The palm kernel cake is left-over as a by-product after the oil extraction process of the palm oil industry and contains a large number of non-starch polysaccharides with mannan (78%) as the major component (Dusterhoft et al. Citation1992; Keng et al. Citation2009). Therefore, it can serve as a readily available and low-cost substrate for commercial exploitation for mannanase production. The average cost of PKC has been estimated to be about 0.093/kg in 2015 (MPOB, Citation2015; Azman et al. Citation2016). Abdeshanian et al. (Citation2010) and Soni et al. (Citation2015) used PKC as a solid substrate in SSF for production of β-mannanase using mesophilic fungi Aspergillus sp. & A. terreus, respectively. Sanghvi et al. (Citation2010) used another agricultural waste, wheat straw for production of thermostable xylanase using Trichoderma harzianum.
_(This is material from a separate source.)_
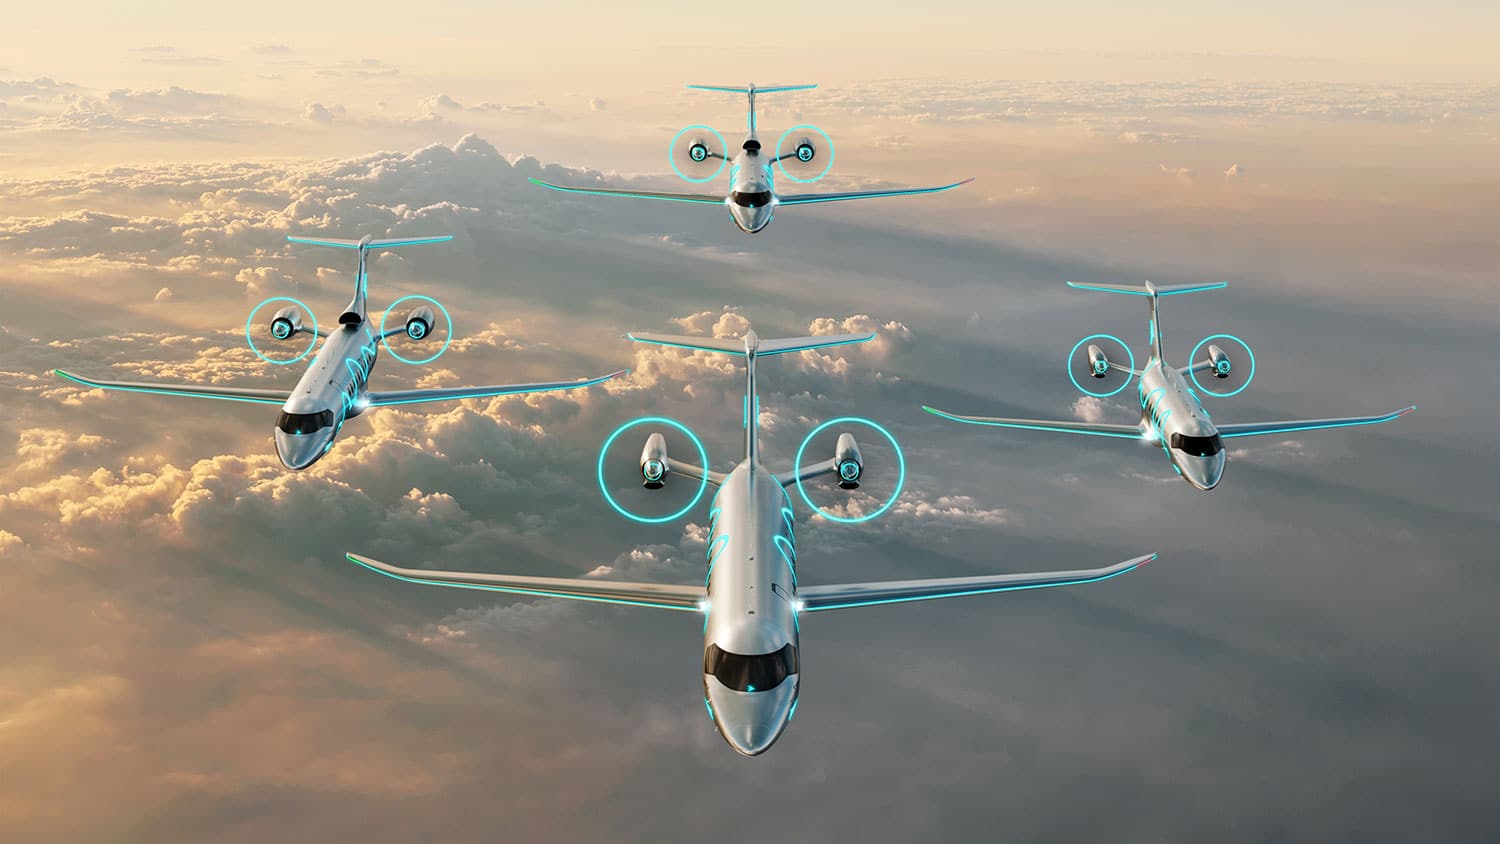 Embraer reveals new hybrid and hydrogen-powered sustainable aircraft concepts.

Thermophilic fungi are known to be excellent source of thermostable enzymes. However, only a few thermostable β-mannanases have been characterised from these (Puchart et al. Citation2004; Yang et al. Citation2015). Keeping this point in mind we evaluated a thermophilic fungus, M. cinnamomea NFCCI 3724 for optimised production of β-mannanase on PKC using the response surface methodology approach.
Environmental factors such as temperature, moisture content of the substrate and carbon supplements significantly affect SSF process, which in turn influences the product yield (Mohamad et al. Citation2011; Sadaf and Khare Citation2014; Soni et al. Citation2016). RSM is the collection of statistical techniques for experiment design, model development, evaluation factors and optimum conditions search (Neter et al. Citation1996). To enhance the production of β-mannanase by thermophilic M. cinnamomea NFCCI 3724 rotatable central composite design (RCCD) and experimental factorial design can be employed to optimise the medium conditions for enzyme production and perform a limited number of experiments.
Optimisation of β-mannanase production using copra meal as a solid substrate through RSM approach was successfully demonstrated by Ahirwar et al. (Citation2016). To our knowledge, no data on β-mannanase production by thermophilic M. cinnamomea using PKC as the solid substrate in SSF is reported. In this work, statistical experimental design produced by RCCD was applied to study the combined effect of three important independent variables namely, pH, moisture and carbon supplement on β-mannanase production by M. cinnamomea NFCCI 3724. Mannose-free manno-oligosaccharides (MOS) are desirable as prebiotics in nutraceutical industries. Recently, Chauhan et al. (Citation2014) and Dhawan et al. (Citation2015) have demonstrated the role of MOS as prebiotic in supporting growth of probiotics (Lactobacillus and Bifidobacterium) and inhibiting the growth of pathogen (Salmonella enterica). The focus of this study is the optimised production of β-mannanase on a solid substrate (PKC), a by-product of palm oil industry, and enzymatic hydrolysis of mannan (locust bean gum and konjac gum) for the generation of MOS.
Materials and methods
Chemicals
Mannobiose (M2), mannotriose (M3) and mannotetraose (M4) were purchased from Megazyme (Bray, Ireland). Locust bean gum (LBG), solka floc, glucose, mannose, guar gum, p-nitrophenyl-substrates, p-nitrophenol and other chemicals were procured from Sigma-Aldrich, USA. Yeast extract, peptone, urea and ammonium sulphate were procured from Hi-Media, India. The palm kernel cake was purchased from M/s Meh Impex, Chennai, India. Food grade konjac gum (glucomannan) was obtained from New Foods, Illinois, USA. Fenugreek seed meal (seed meal of Trigonella foenum-graecum), wheat bran and wheat straw were purchased from local market.
Fungal strain
The fungus Malbranchea cinnamomea was isolated from district Sagar, Madhya Pradesh, India, during a survey of thermophilic fungi from litter in the year 2013. It was identified on the basis of colony morphologies and structural characteristics as observed under the light and scanning electron microscopy and deposited with National culture collection of India, Pune, with accession number 3724. The fungal characteristics were described and identified based on the description given by Cooney and Emerson (Citation1964). It was maintained on yeast extract phosphate-soluble starch agar (YpSs) slants at 4ºC and sub-cultured after every 30 days.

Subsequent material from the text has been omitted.